Here is a real comparison we ran on a Tuesday this year. A customer wanted to convert 1,000 Canadian dollars to euros. The YYC Travelex kiosk offered 612 euros. The ICE counter offered 619. An RBC branch offered 648. Our Westwinds office offered 664. That is a 52 euro gap between the worst and best option on a single small transaction.

The airport does have three legitimate uses. You forgot to exchange and you are already past security. Your destination uses a restricted currency that is hard to get elsewhere. You need a tiny amount where the markup barely matters. Outside those cases, the airport is a tax on poor planning.

Option Three: The Currency Specialist

A currency specialist is a business whose entire model is foreign exchange. In Calgary that includes Canadian Union, Calforex, ICE retail locations, KnightsbridgeFX, and CanAm Currency Exchange.

Specialists win on price because their model is built for it. Their overhead is lower than a bank. Their volume is higher than a kiosk. They run on thin spreads, typically 1 to 2 percent above the mid-market rate, because volume makes thin margins profitable.

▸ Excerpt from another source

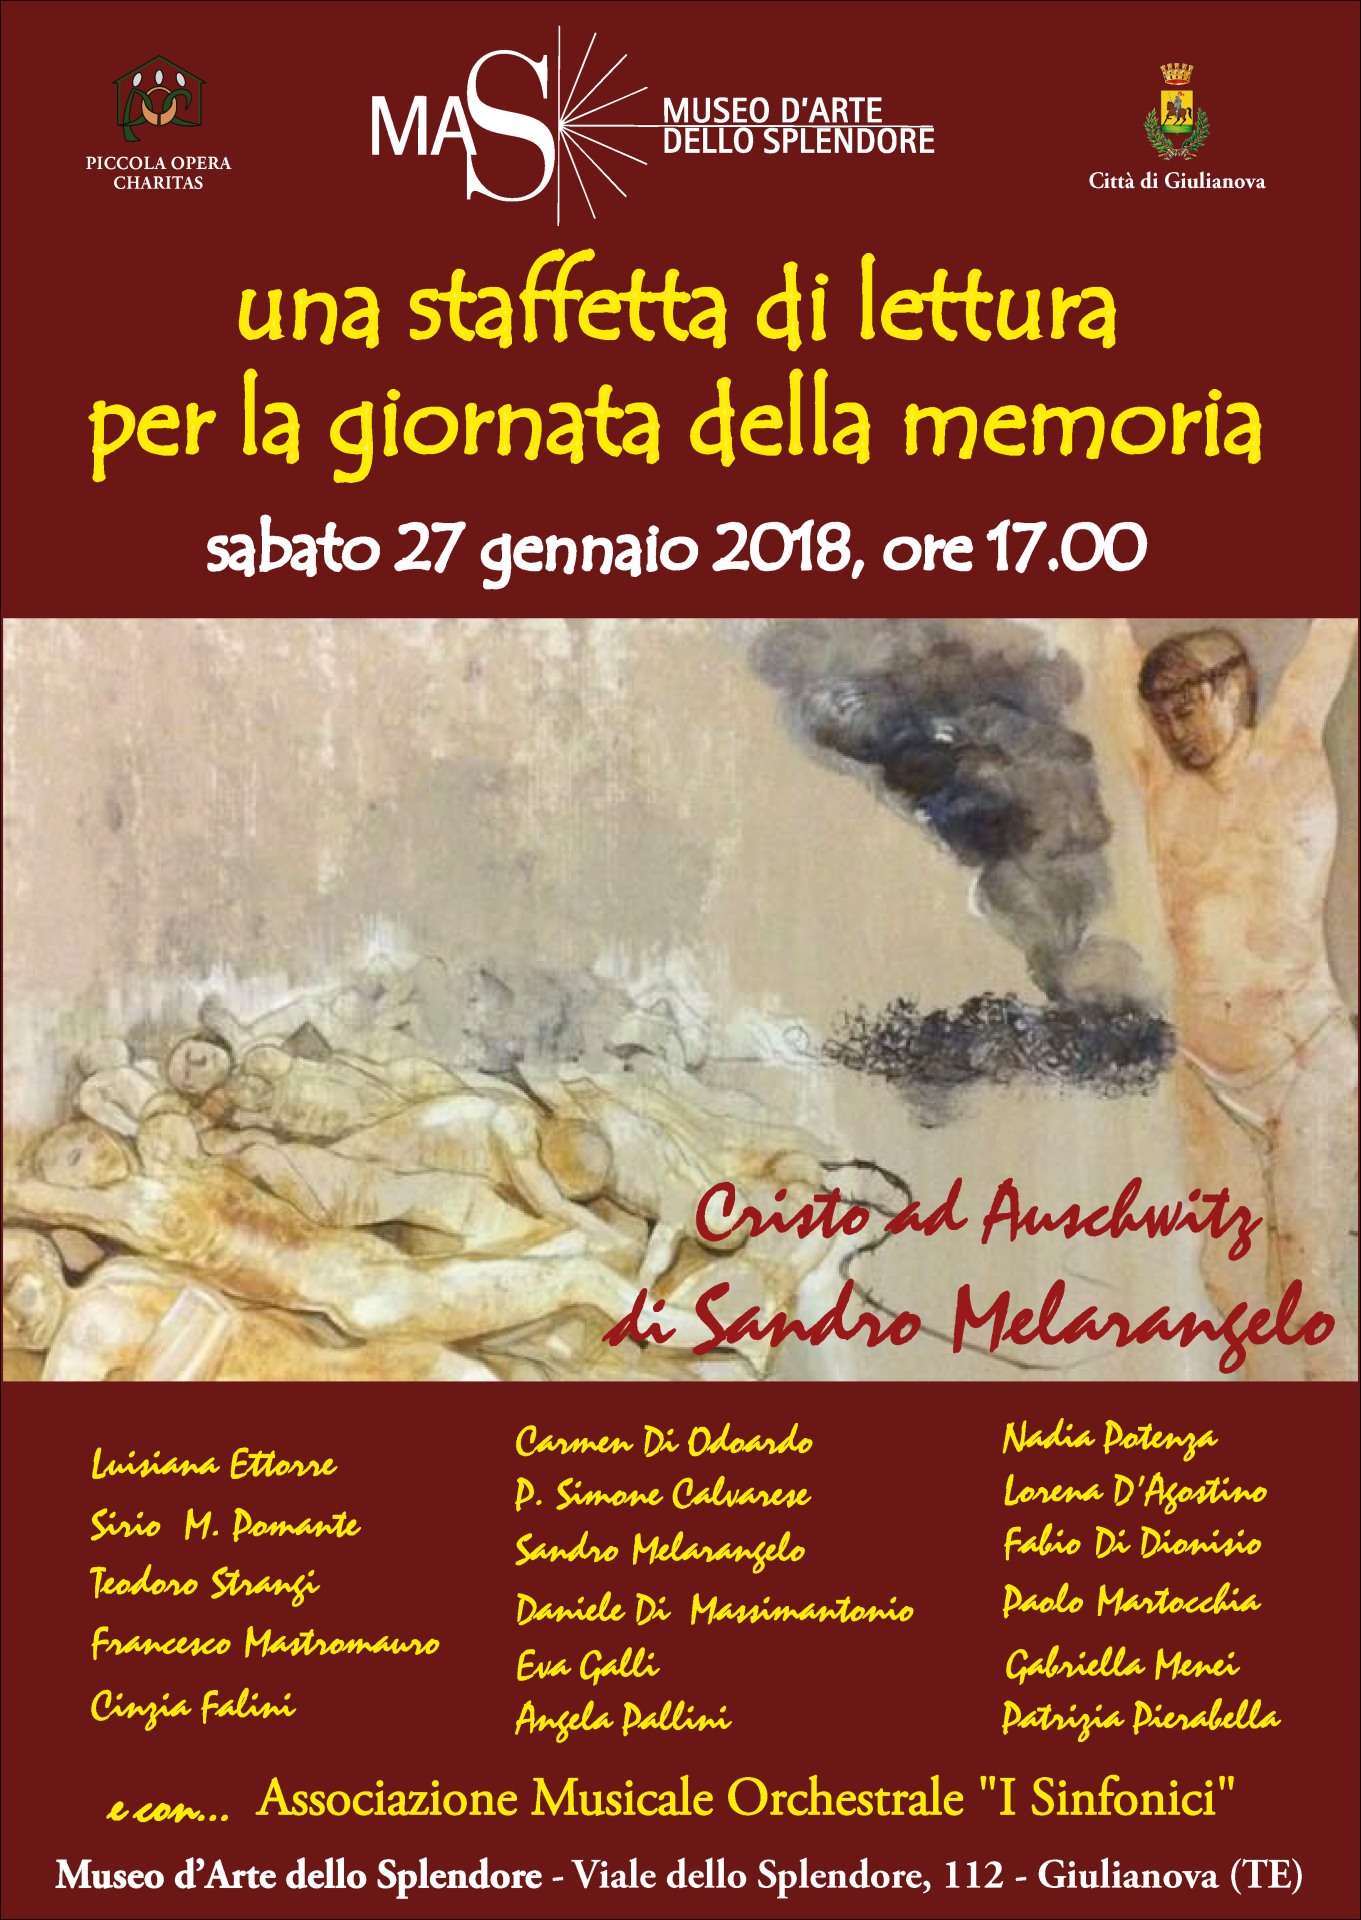 Giulianova&Museo d’Arte dello Splendore: staffetta di lettura per la giornata della memoria

Specialists also stock real inventory. We hold over 40 currencies at our counter, including US dollars, euros, British pounds, Indian rupees, Pakistani rupees, and Mexican pesos. Most orders are ready in minutes.

We will be honest about how specialists make money, because the honesty matters. We earn a spread, just like everyone else. The difference is the size of it. Our spread is small enough that we back it with a written Rate Beat Guarantee. Bring us a written quote from any Calgary provider. If ours is not better, your exchange is on us. We have lost that challenge a handful of times in seventeen years.

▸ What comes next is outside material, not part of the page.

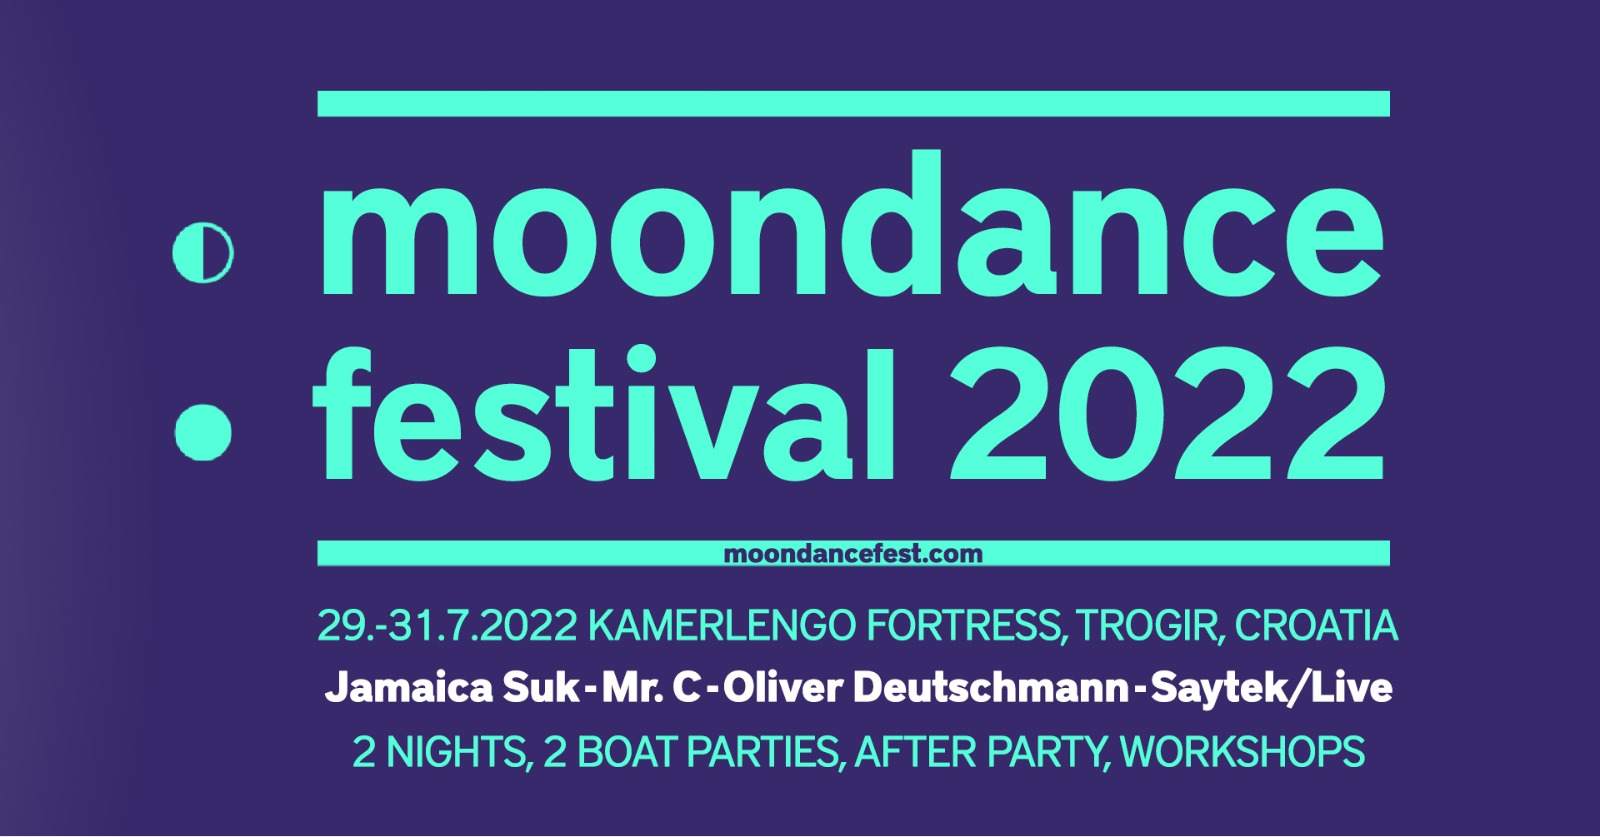 Moondance Festival 2022 - フライヤー表

A customer named Priya from Martindale needed 200,000 Indian rupees last year. Her bank quoted 3,420 dollars. The airport quoted 3,612. We charged 3,278. That 142 dollar gap from her bank is the specialist advantage in one number.

The Honest Verdict

Here is the ranking, simply put. For almost every Calgary traveler, a currency specialist is the cheapest option. The bank is the convenient middle. The airport is the emergency-only last resort.

The contrarian truth most guides skip is this. Banks are not the safe compromise people assume. On small transactions their spread sits closer to airport territory than to specialist territory. The bank reputation is doing work the bank rate does not earn.

One more honest note. Digital tools like Wise and Revolut are excellent for transfers and card spending. They are not built for physical cash. When your destination needs banknotes for taxis and street vendors, a specialist is still the answer.

What Smart Calgarians Do

Plan two to three days ahead. Order from a specialist online or visit the counter. Carry enough physical cash for your first day at the destination. Use destination ATMs for top-ups, and always refuse Dynamic Currency Conversion.

Do that, and your travel budget stretches 5 to 10 percent further than it would if you exchanged at YYC.